GitLab

Hi,

I'm working on a project where we're attempting to make our lib<name>.a output archive (which we distribute) deterministic, which is to say we have a requirement that the lib<name>.a is byte-for-byte identical across builds, across machines.

I'm finding that one of the places where this isn't true is related to the ar/ranlib tool on macOS including timestamps in the symbols table of the .a file.

There's a flag in the GNU binutils ar (-D), GNU binutils ranlib (-D), and a similar one in Apple/Xcode's libtool (can't find online documentation) (-D) that is meant for this purpose, where it sets the timestamps of the .o inputs to zero within the symbols table.

Here's the description of the flag in GNU binutils ar:

[D] - use zero for timestamps and uids/gids (default)

and

‘D’ Operate in deterministic mode. When adding files and the archive index use zero for UIDs, GIDs, timestamps, and use consistent file modes for all files. When this option is used, if ar is used with identical options and identical input files, multiple runs will create identical output files regardless of the input files’ owners, groups, file modes, or modification times.

Here's the description of the flag in GNU binutils ranlib:

-D Use zero for symbol map timestamp (default)

and

-D Operate in deterministic mode. The symbol map archive member’s header will show zero for the UID, GID, and timestamp. When this option is used, multiple runs will produce identical output files.

Here's the description of the flag in Apple's libtool:

-D When building a static library, set archive contents' user ids, group ids, dates, and file modes to reasonable defaults. This allows libraries created with identical input to be identical to each other, regardless of time of day, user, group, umask, and other aspects of the environment.
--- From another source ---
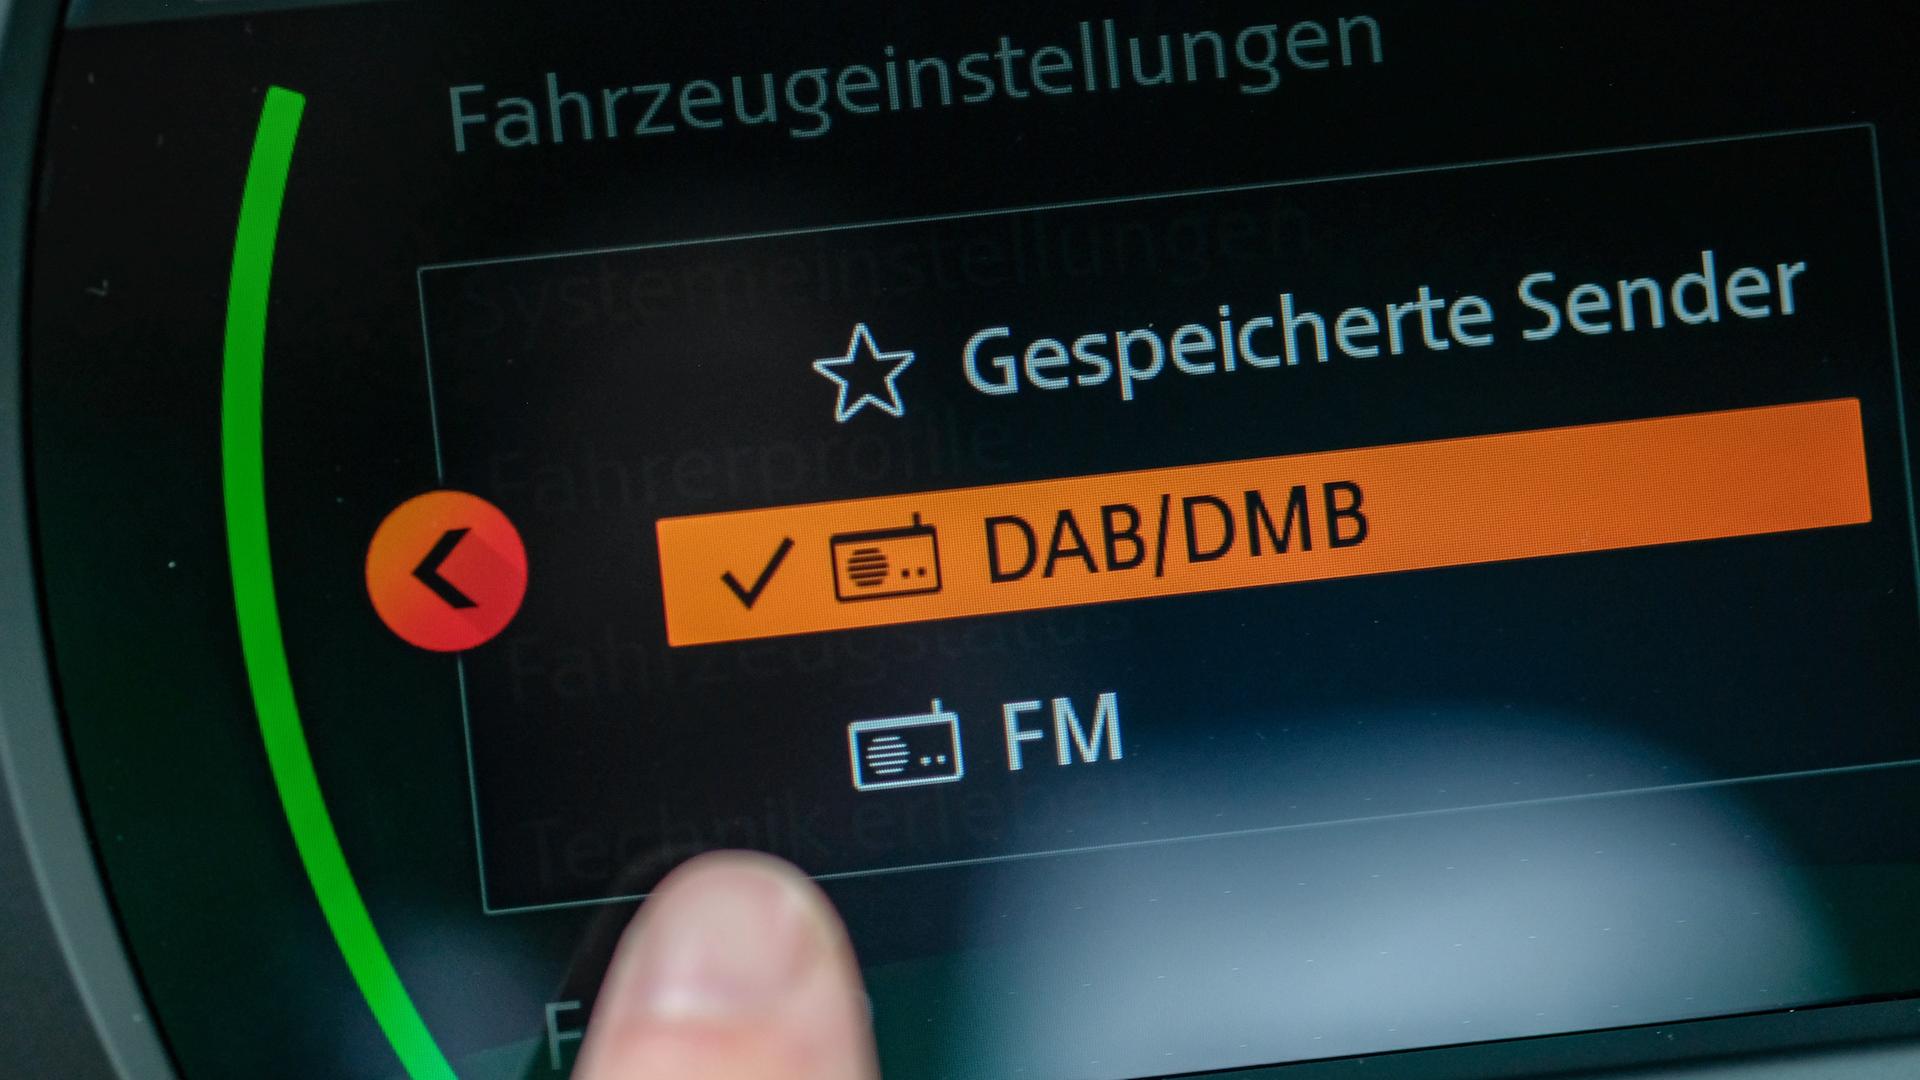 Auf der Anzeige eines Autoradios ist die Anzeige DAB/DMB zu sehen.

It would be really nice to see deterministic build support in CMake. There are 3 issues that I've found related to supporting this that are inter-related:

• Support for adding RANLIBFLAGS to the linking step. This would be needed because even though ar is invoked and could have flags set using STATIC_LIBRARY_OPTIONS, ranlib is invoked right after, which in my testing seems to add the timestamps, since ranlib is generally the tool that is adding the symbols table (even though ar could be configured to add it instead). This is somewhat moot on certain Linux distros (Ubuntu, for example) since the ar and ranlib tools on those platforms enable the -D flag by default.
• Support within CMake for using libtool on macOS. Xcode's ar/ranlib tools don't seem to support the -D flag that the GNU binutils version supports. In the documentation for these tools, Apple states that their libtool is intended to be a replacement for ar and ranlib. Since Xcode's libtool appears to support the -D flag in the same manner as GNU binutils ar/ranlib, it would be acceptable for CMake to invoke libtool instead of ar and ranlib when building with the Xcode toolchain. This would require libtool support on CMake's end, as well as a way to specify LIBTOOLFLAGS. (Note: GNU libtool doesn't seem to support the -D flag, so it's unclear to me what other incompatibilities the Xcode and GNU versions might have, which, to me, suggests that on non-Apple platforms, the ar and ranlib tools might be preferred).
• Native CMake support for building determinstic static libraries (w.r.t. the symbols table). This would add the -D to the appropriate tools when enabled.

Even if native CMake support for deterministic static libraries was not added, it would be nice to see CMake use libtool when using the Xcode toolchain. That coupled with the ability to add flags to libtool on macOS platforms and ranlib on Linux platforms, would enable me to add support for creating deterministic symbols table within static libraries via the -D flag within my own project.

My current workaround is to set CMAKE_<lang>_CREATE_STATIC_LIBRARY on macOS platforms to something along the lines of /usr/bin/xcrun libtool -static -D -o <TARGET> <LINK_FLAGS> <OBJECTS>, which seems to have the same effect, but it would be preferable if CMake had native libtool support instead of relying on xcrun.